Pipeline Overview is fully aggregated with no splitting. Scorecards for Total Received, Exported, Refused, Failed, and Queue Utilisation %. Add conditional colour thresholds to Queue Utilisation (green below 50%, amber to 80%, red above) so it communicates status without requiring interpretation. This row should be boring on a good day.
Per-Signal Pipelines give Spans, Metrics, and Logs each their own collapsible section: scorecards plus a Received vs Exported time series plus a separate Refused and Failed panel. A few details that matter: add a % exported ratio scorecard ("99.8% exported" is more readable than mentally comparing two large numbers), use contrasting line styles for received vs exported so divergence is visible before you check the legend, and ensure Refused/Failed panels auto-scale from zero rather than sitting on a fixed axis that makes every flat line look identical. For Logs specifically, split by receiver tag, since log sources are more varied and source-specific failures hide easily in an aggregate.

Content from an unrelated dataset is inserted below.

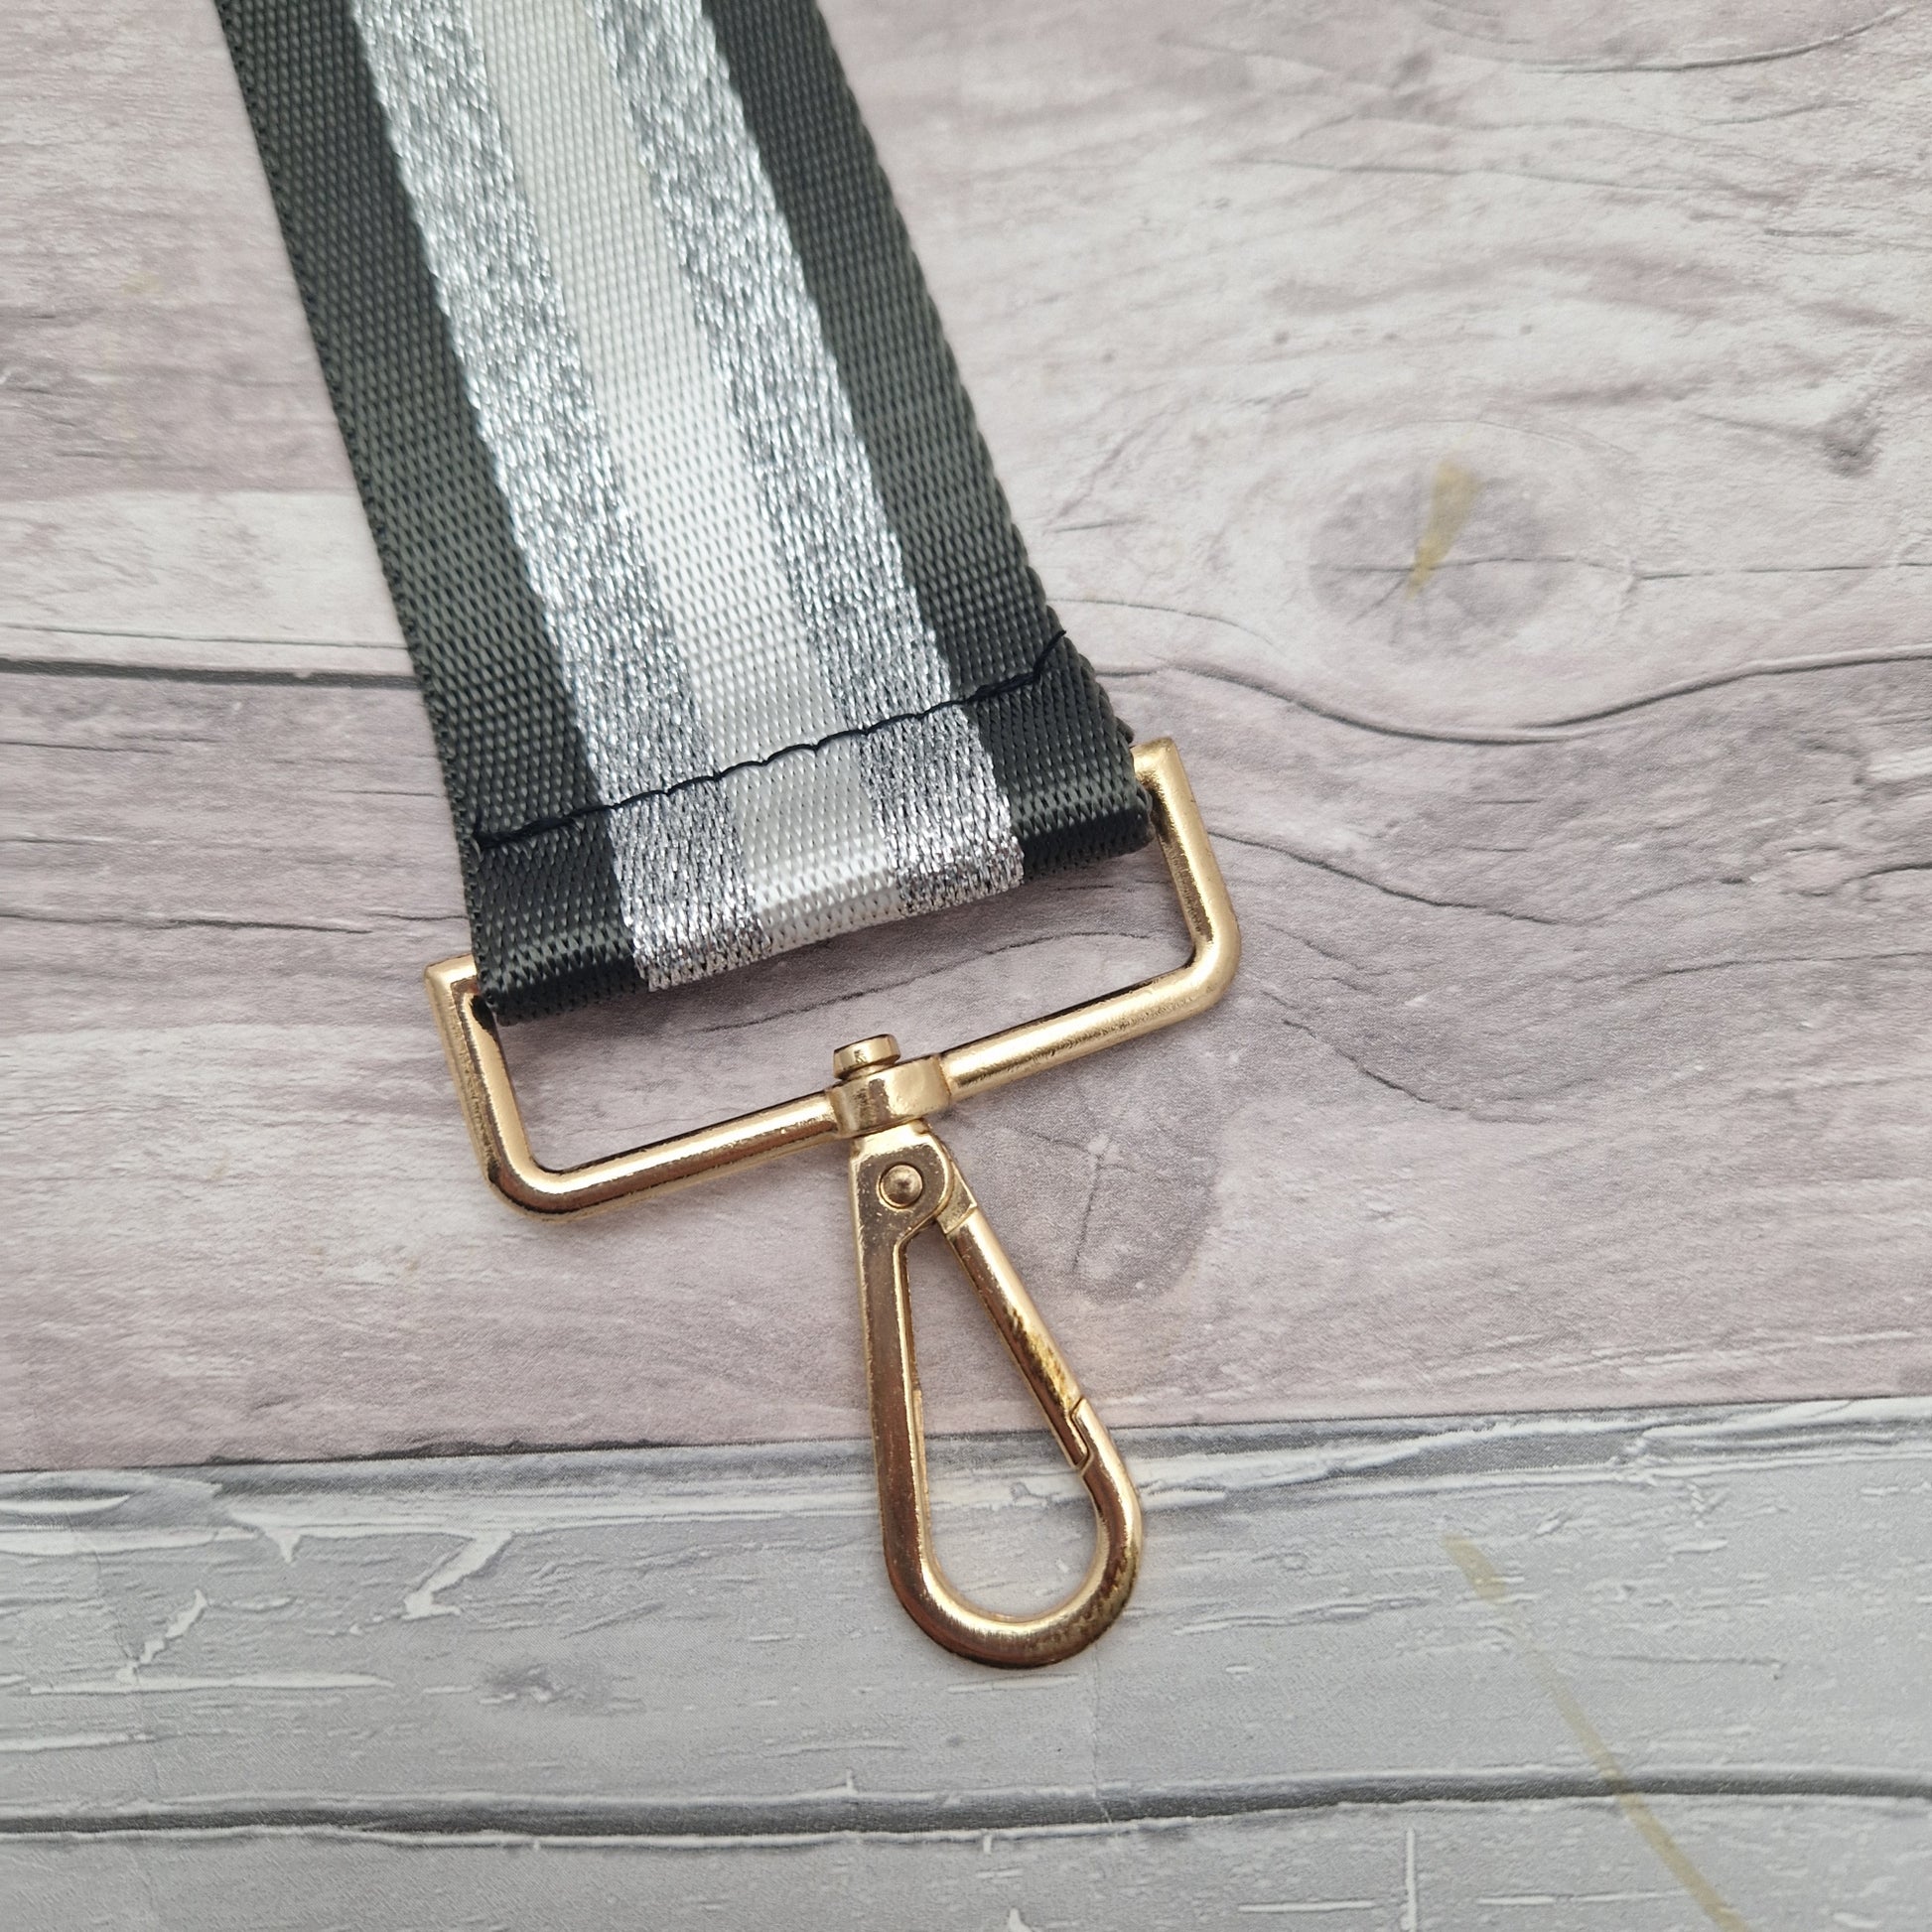 Shades of Dark Grey, white and metallic silver make up this striped Bag strap. Gold metal work.

Processor Funnel shows volume at each processor stage in order. This is the single panel that makes data loss immediately locatable. Show dropped items as positive values, since negative numbers require a mental inversion that costs time you don't have. Document each processor's purpose in a text widget; anyone unfamiliar with the pipeline will thank you.

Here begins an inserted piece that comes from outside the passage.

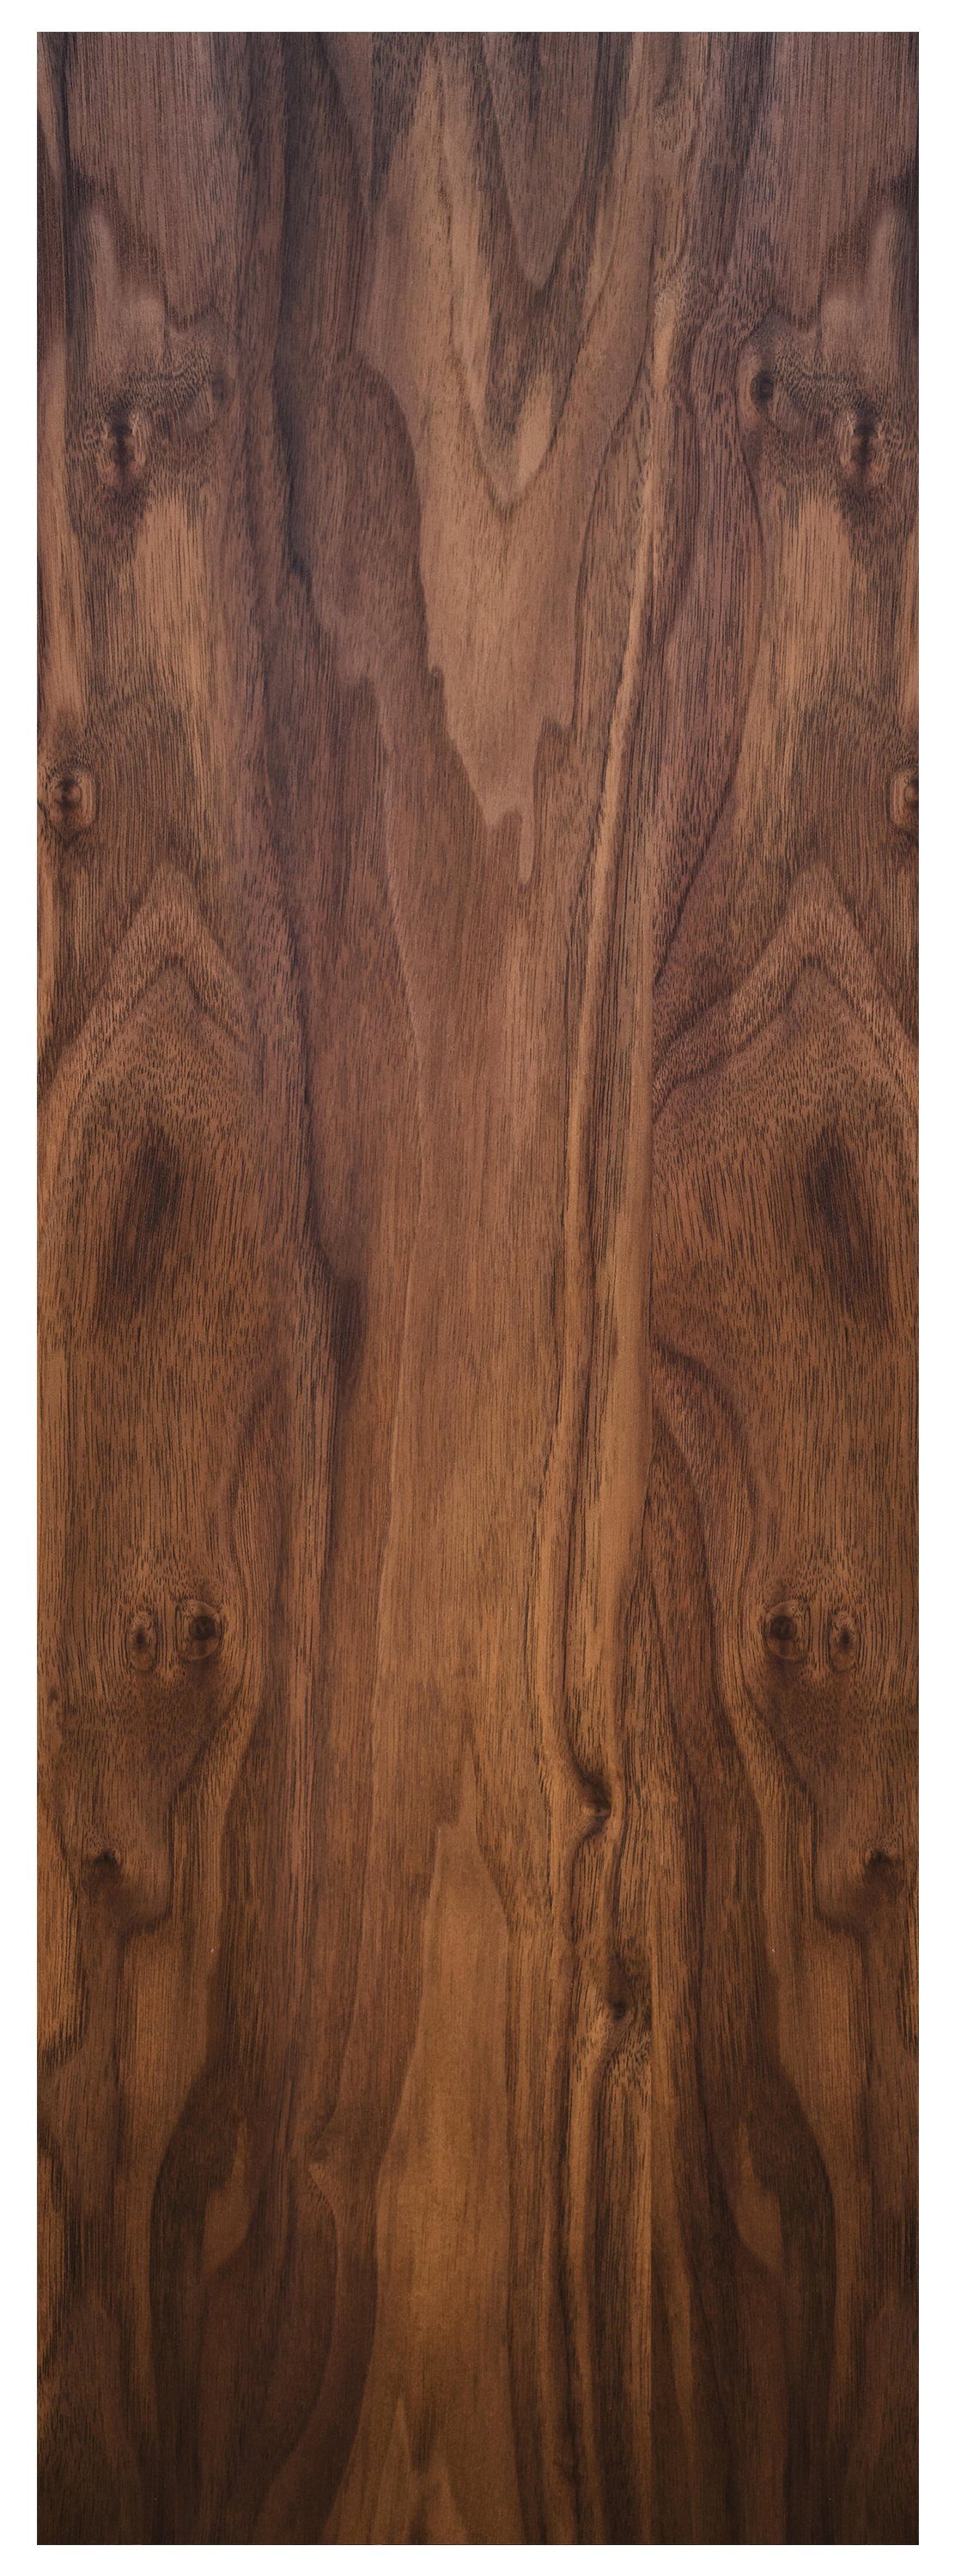 wandmotiv24 Türtapete rustikales Holz, Wandverkleidung, glatt, Fototapete, Wandtapete, Motivtapete, matt, selbstklebende Dekorfolie

Exporter Health by Destination treats Datadog and S3 as what they are: two exporters with different criticality. Datadog failures should page immediately. S3 failures are silent today but permanent, since data loss in an archive is unrecoverable. Show them separately. Tag exporters with criticality:primary vs criticality:archive via the transform processor so alert queries don't hardcode exporter names and break the next time the pipeline changes.
Latency Proxies exist because the Collector has no native end-to-end latency metric. Approximate it with queue depth over time (growing queue means growing latency) and the batch timeout trigger ratio (high timeout ratio means data is sitting waiting). For teams with actual SLOs, invest in a synthetic heartbeat, a known span sent through the real pipeline at regular intervals with a known emission timestamp, measured on arrival at Datadog. It's the only way to get true wall clock latency across every stage without custom instrumentation.

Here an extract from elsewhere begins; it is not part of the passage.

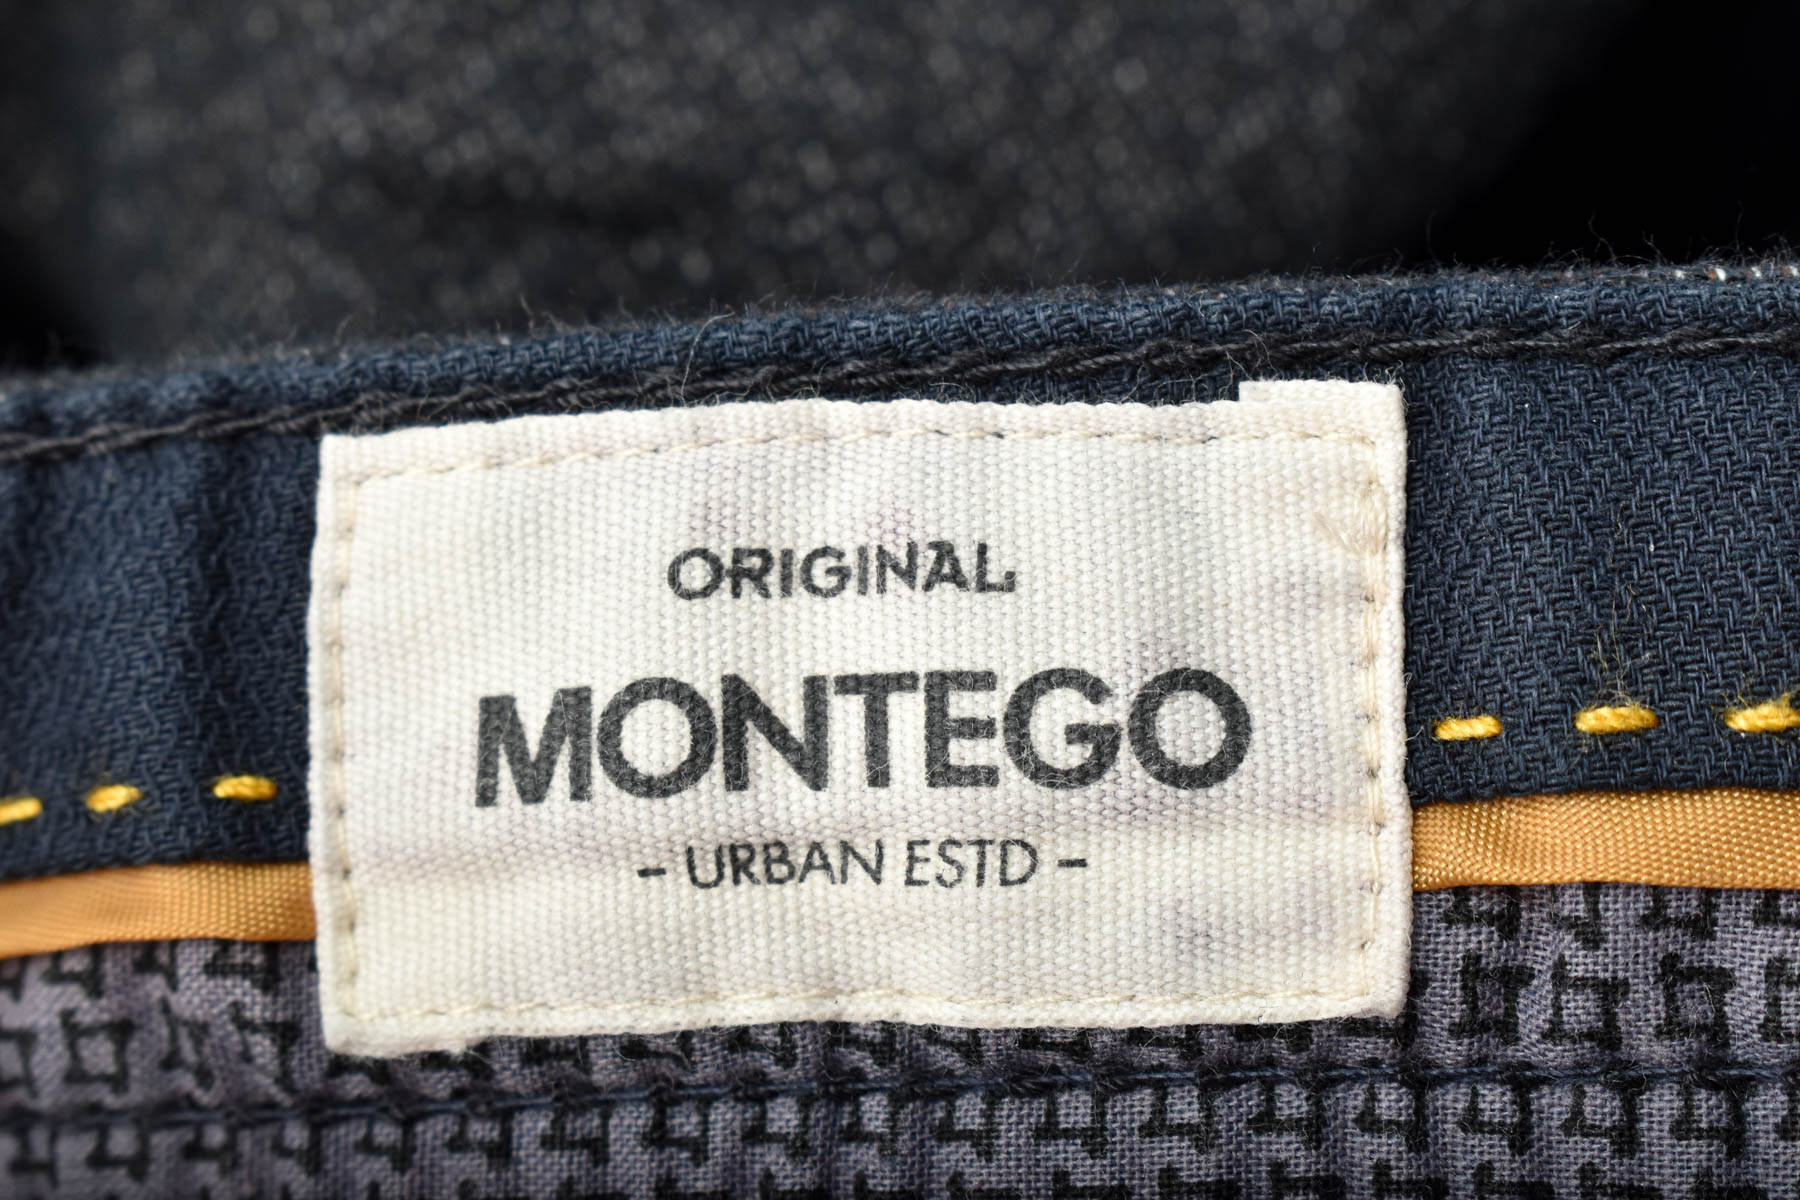 Men's trousers - MONTEGO - 2

Process Health covers Memory RSS, CPU (in percentage or millicores, not raw units), and Go heap allocation, which is spiky due to GC. Correlate with go_gc_duration_seconds to confirm it's GC and not a leak. This section lives at the bottom because it's context, not your primary signal.
The Gaps That Will Hurt You First
Silent data loss between a receiver and exporter with no visibility into which processor caused it. An S3 export failing for three days before anyone notices because it's aggregated with Datadog. Queue saturation that looks like a healthy flat line because the panel's y-axis was never configured. A Logs pipeline spiking from a single source that's invisible in an aggregate view.
None of these are exotic failure modes. They're the ones that happen first.
A dashboard that makes them visible in under 30 seconds isn't a nice-to-have. It's the difference between an incident that gets caught in minutes and one that becomes a week-long data gap in your archive.